Humans In 2012,
DNA analysis and
statistical techniques were used to infer that a now-extinct human population in northern Eurasia had interbred with both the ancestors of Europeans and a Siberian group that later migrated to the Americas. The group was referred to as a ghost population because they were identified by the echoes that they leave in genomes—not by bones or ancient DNA. In 2013, another study found the remains of a member of this ghost group, fulfilling the earlier prediction that they had existed.
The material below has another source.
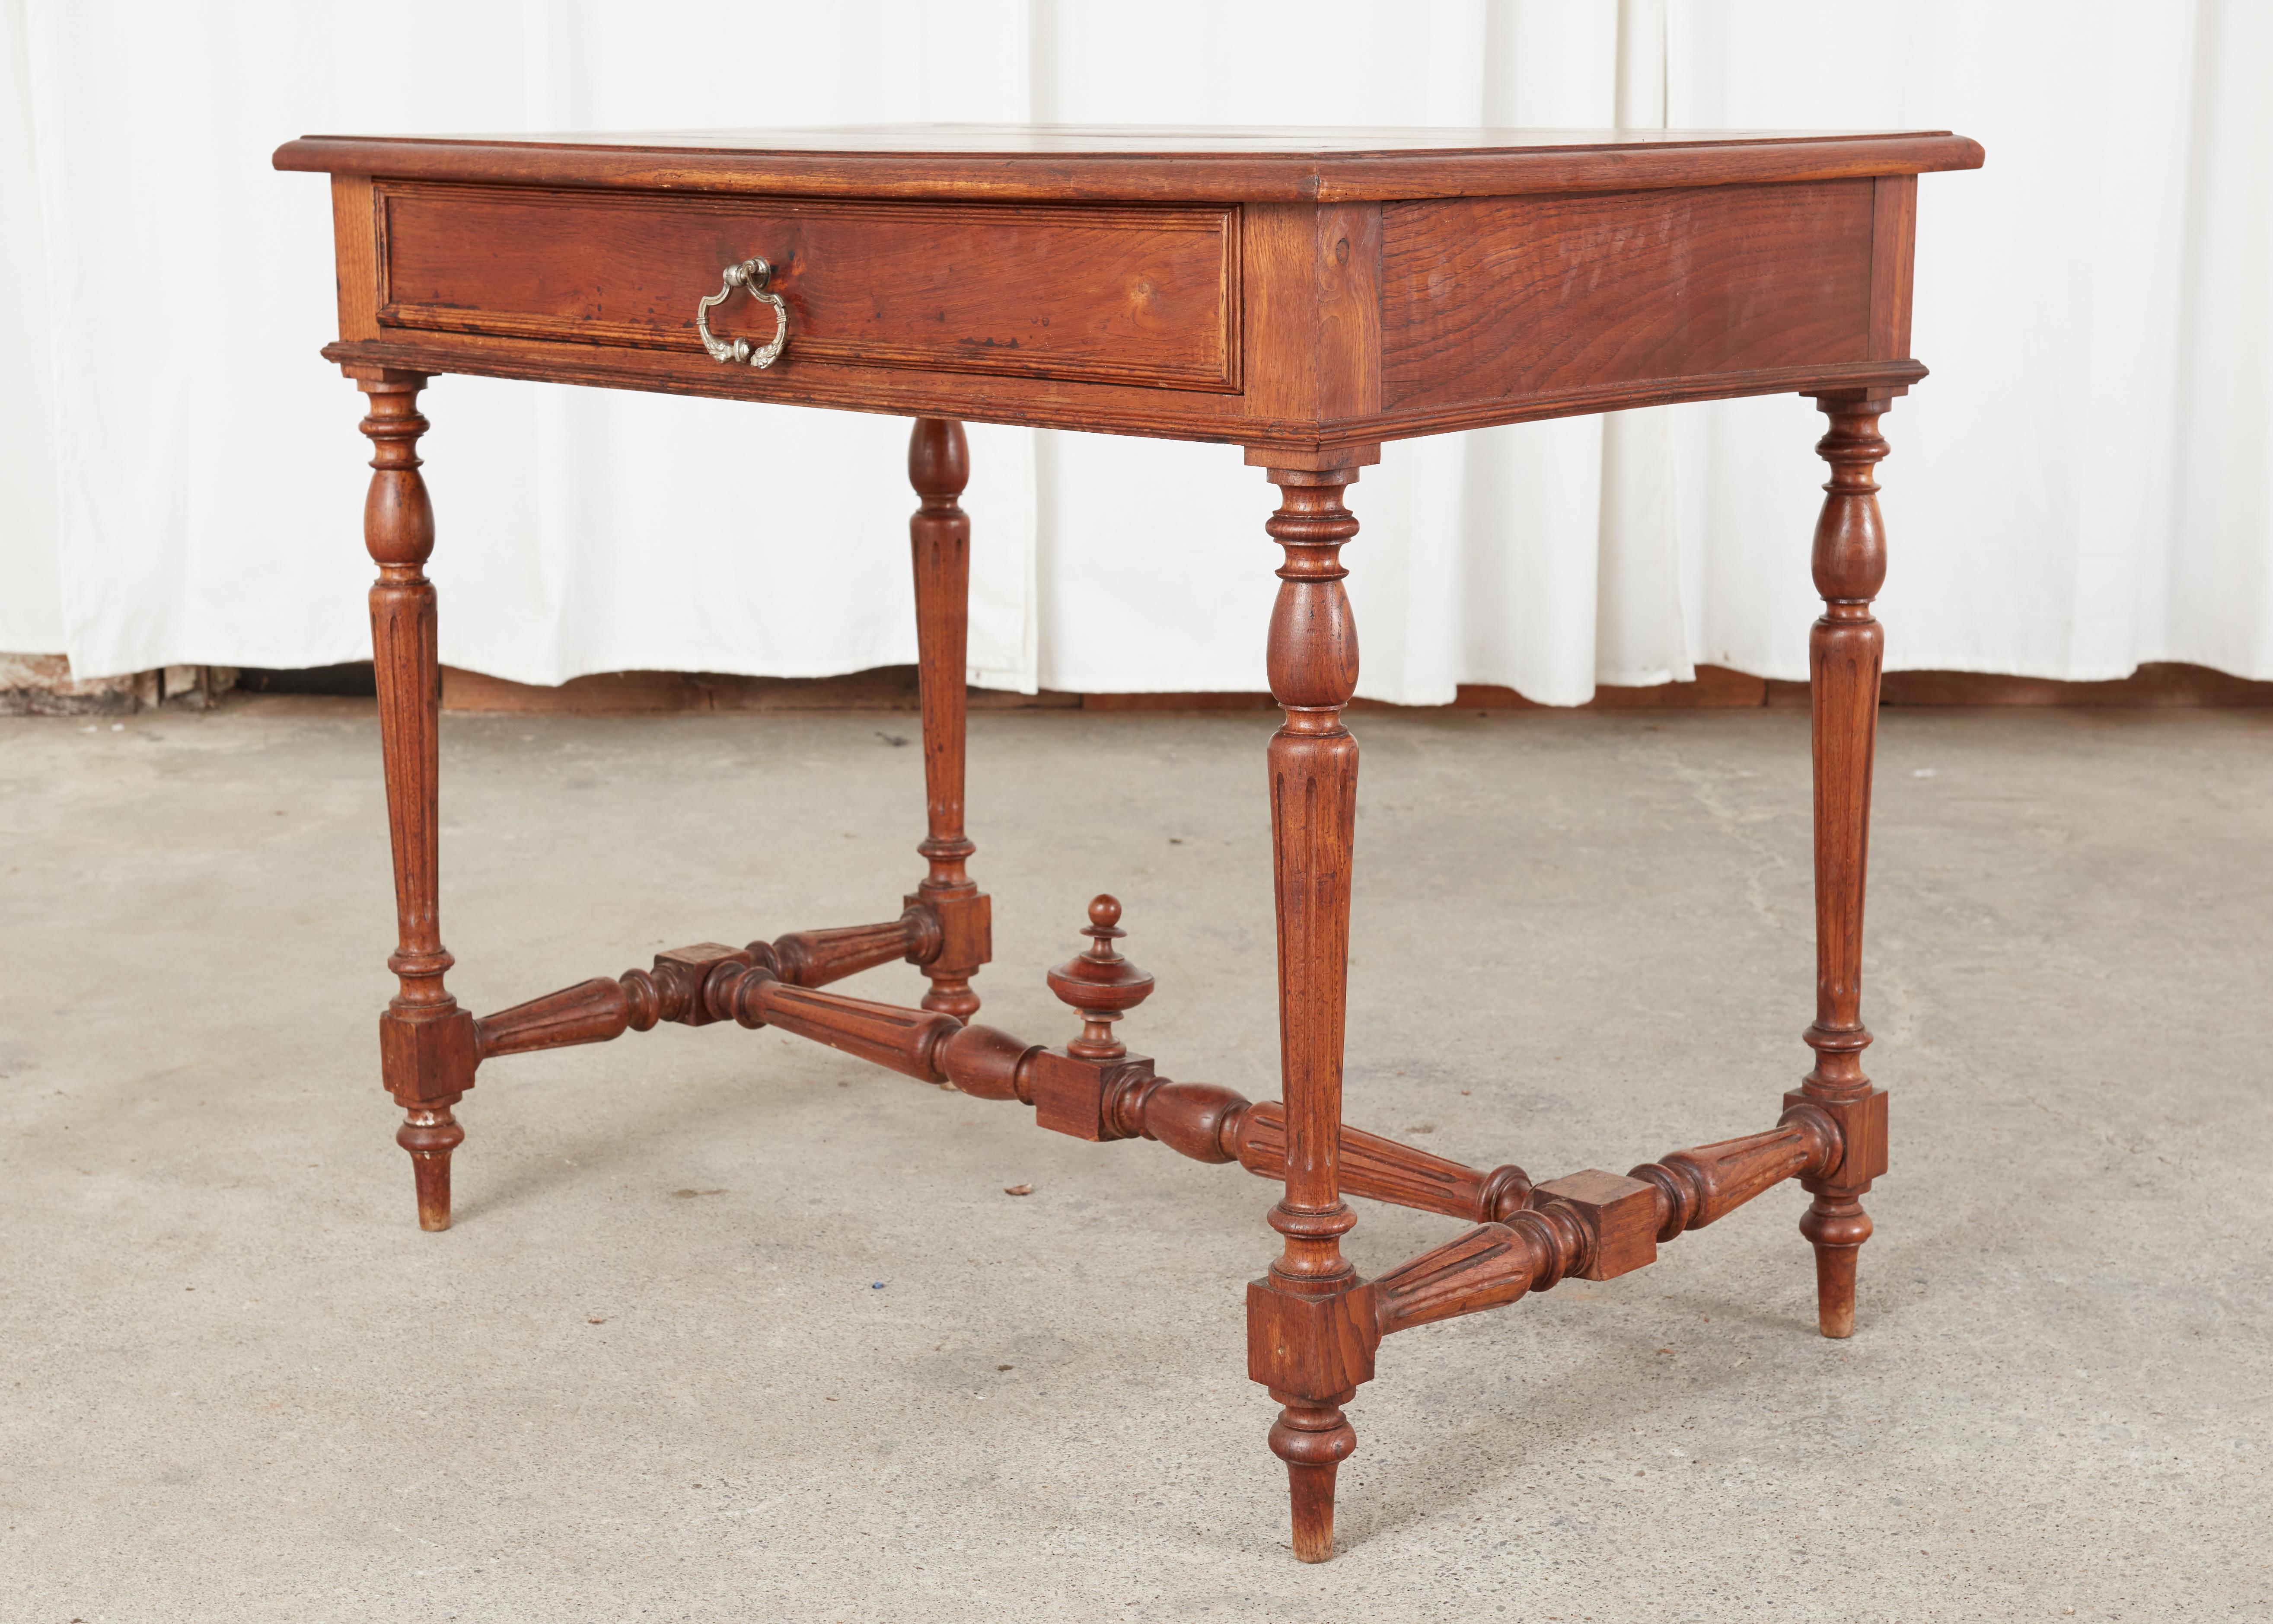 Tavolino o scrivania provinciale francese del XIX secolo di dimensioni ridotte. Il tavolo è costruito in legno di frutta con una patina calda e deliziose venature del legno. Dotata di un cassetto singolo nella parte anteriore, la cassa è sostenuta

According to a study published in 2020, there are indications that 2% to 19% (or about ≃6.6 and ≃7.0%) of the DNA of four West African populations may have come from an unknown archaic hominin which split from the ancestor of Sapiens (Modern Humans) and Neanderthals between 360 kya to 1.02 mya. Basal West Africans did not split before
Neanderthals split from modern humans. Even before 300,000 BP to 200,000 BP, when the ancestors of the modern
San split from other modern humans, the group to split the most early from
modern humans may have been Basal West Africans. Another recent study, which discovered substantial amounts of previously undescribed human genetic variation, also found ancestral genetic variation in Africans that predates modern humans and was lost in most non-Africans.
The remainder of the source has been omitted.